[[ INPUT MATERIAL open ]]

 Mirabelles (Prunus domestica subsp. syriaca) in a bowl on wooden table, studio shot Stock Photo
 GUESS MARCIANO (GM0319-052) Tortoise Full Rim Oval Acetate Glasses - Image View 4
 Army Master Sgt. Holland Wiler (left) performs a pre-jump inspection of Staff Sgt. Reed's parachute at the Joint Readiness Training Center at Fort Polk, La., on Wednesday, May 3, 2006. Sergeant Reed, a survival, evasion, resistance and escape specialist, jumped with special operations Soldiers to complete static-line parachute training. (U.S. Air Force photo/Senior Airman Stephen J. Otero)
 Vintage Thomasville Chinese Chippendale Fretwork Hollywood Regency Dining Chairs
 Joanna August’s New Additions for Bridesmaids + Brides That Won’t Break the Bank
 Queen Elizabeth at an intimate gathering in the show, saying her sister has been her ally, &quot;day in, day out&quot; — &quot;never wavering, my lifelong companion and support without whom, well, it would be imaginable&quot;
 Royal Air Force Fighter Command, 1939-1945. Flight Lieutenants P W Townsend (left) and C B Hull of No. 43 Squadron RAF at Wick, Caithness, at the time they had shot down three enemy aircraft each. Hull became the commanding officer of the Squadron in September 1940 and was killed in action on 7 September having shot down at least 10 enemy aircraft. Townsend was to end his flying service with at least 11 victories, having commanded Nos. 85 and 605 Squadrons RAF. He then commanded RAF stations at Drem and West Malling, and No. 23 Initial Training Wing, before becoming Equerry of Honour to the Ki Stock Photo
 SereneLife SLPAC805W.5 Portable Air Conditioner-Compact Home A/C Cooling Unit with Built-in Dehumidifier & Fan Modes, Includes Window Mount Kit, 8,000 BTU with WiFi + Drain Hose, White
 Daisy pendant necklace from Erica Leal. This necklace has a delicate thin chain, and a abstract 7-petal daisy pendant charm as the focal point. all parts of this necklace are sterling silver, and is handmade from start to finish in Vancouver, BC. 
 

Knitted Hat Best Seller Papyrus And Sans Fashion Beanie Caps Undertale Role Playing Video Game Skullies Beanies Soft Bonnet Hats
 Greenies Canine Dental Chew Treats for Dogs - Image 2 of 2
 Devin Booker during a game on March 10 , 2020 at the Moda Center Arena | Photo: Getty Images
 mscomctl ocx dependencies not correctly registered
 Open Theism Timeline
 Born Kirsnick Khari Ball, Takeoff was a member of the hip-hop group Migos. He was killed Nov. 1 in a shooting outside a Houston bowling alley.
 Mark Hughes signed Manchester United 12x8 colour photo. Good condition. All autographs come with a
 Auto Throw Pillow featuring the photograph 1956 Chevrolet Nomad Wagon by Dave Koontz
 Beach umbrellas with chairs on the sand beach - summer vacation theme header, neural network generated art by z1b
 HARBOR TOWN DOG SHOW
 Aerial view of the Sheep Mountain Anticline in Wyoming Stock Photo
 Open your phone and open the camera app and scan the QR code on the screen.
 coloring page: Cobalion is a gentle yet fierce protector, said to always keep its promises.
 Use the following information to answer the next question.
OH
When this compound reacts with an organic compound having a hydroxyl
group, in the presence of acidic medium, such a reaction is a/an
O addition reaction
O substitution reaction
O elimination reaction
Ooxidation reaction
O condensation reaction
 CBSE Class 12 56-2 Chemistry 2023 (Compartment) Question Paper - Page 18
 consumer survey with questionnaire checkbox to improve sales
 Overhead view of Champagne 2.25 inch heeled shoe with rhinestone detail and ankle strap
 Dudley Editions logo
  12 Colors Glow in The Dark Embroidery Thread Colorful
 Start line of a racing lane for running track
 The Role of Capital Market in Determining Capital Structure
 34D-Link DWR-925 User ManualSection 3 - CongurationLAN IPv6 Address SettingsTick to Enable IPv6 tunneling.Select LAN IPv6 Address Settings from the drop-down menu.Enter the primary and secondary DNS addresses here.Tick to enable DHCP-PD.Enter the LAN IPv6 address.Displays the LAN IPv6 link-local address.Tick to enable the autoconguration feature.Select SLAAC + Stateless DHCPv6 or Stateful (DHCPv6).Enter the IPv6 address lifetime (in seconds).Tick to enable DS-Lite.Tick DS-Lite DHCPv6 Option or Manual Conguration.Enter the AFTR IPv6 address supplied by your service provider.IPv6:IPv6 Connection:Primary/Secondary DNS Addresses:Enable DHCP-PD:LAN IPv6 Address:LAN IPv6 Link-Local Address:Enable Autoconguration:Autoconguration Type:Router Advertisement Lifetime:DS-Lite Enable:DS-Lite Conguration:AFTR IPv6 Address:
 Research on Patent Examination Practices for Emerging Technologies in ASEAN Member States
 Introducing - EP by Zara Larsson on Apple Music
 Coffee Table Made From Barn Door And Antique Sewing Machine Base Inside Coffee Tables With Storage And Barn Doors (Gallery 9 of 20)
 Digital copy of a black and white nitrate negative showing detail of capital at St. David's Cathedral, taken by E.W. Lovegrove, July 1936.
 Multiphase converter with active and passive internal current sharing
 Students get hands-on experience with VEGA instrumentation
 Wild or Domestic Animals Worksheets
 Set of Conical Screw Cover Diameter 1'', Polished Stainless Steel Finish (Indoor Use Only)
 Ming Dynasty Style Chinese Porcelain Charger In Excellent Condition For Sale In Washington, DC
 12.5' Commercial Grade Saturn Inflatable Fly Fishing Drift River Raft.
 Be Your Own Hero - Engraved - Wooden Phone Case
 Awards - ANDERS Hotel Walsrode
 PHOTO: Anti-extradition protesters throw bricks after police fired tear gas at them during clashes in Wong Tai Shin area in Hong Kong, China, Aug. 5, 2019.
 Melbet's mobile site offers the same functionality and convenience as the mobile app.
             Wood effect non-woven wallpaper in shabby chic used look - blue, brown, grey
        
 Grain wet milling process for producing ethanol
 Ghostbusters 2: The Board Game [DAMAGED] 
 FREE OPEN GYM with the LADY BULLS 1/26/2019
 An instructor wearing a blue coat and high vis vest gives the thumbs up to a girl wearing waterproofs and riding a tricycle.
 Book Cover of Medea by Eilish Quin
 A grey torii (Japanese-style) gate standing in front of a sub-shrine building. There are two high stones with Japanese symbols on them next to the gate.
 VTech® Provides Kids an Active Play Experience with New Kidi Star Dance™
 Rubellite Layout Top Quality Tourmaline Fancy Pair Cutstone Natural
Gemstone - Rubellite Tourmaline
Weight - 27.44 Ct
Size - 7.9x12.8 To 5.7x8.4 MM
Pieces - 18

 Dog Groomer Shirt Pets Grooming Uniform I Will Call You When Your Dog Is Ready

[[ INPUT MATERIAL closed ]]

AIM OF THE EXERCISE:
Copy out only the lines of the records above from the one with "FREE OPEN GYM with the LADY BULLS 1/26/2019" through the one with "A grey torii", exactly as they stand, both included.

COMPLETED EXERCISE:
 FREE OPEN GYM with the LADY BULLS 1/26/2019
 An instructor wearing a blue coat and high vis vest gives the thumbs up to a girl wearing waterproofs and riding a tricycle.
 Book Cover of Medea by Eilish Quin
 A grey torii (Japanese-style) gate standing in front of a sub-shrine building. There are two high stones with Japanese symbols on them next to the gate.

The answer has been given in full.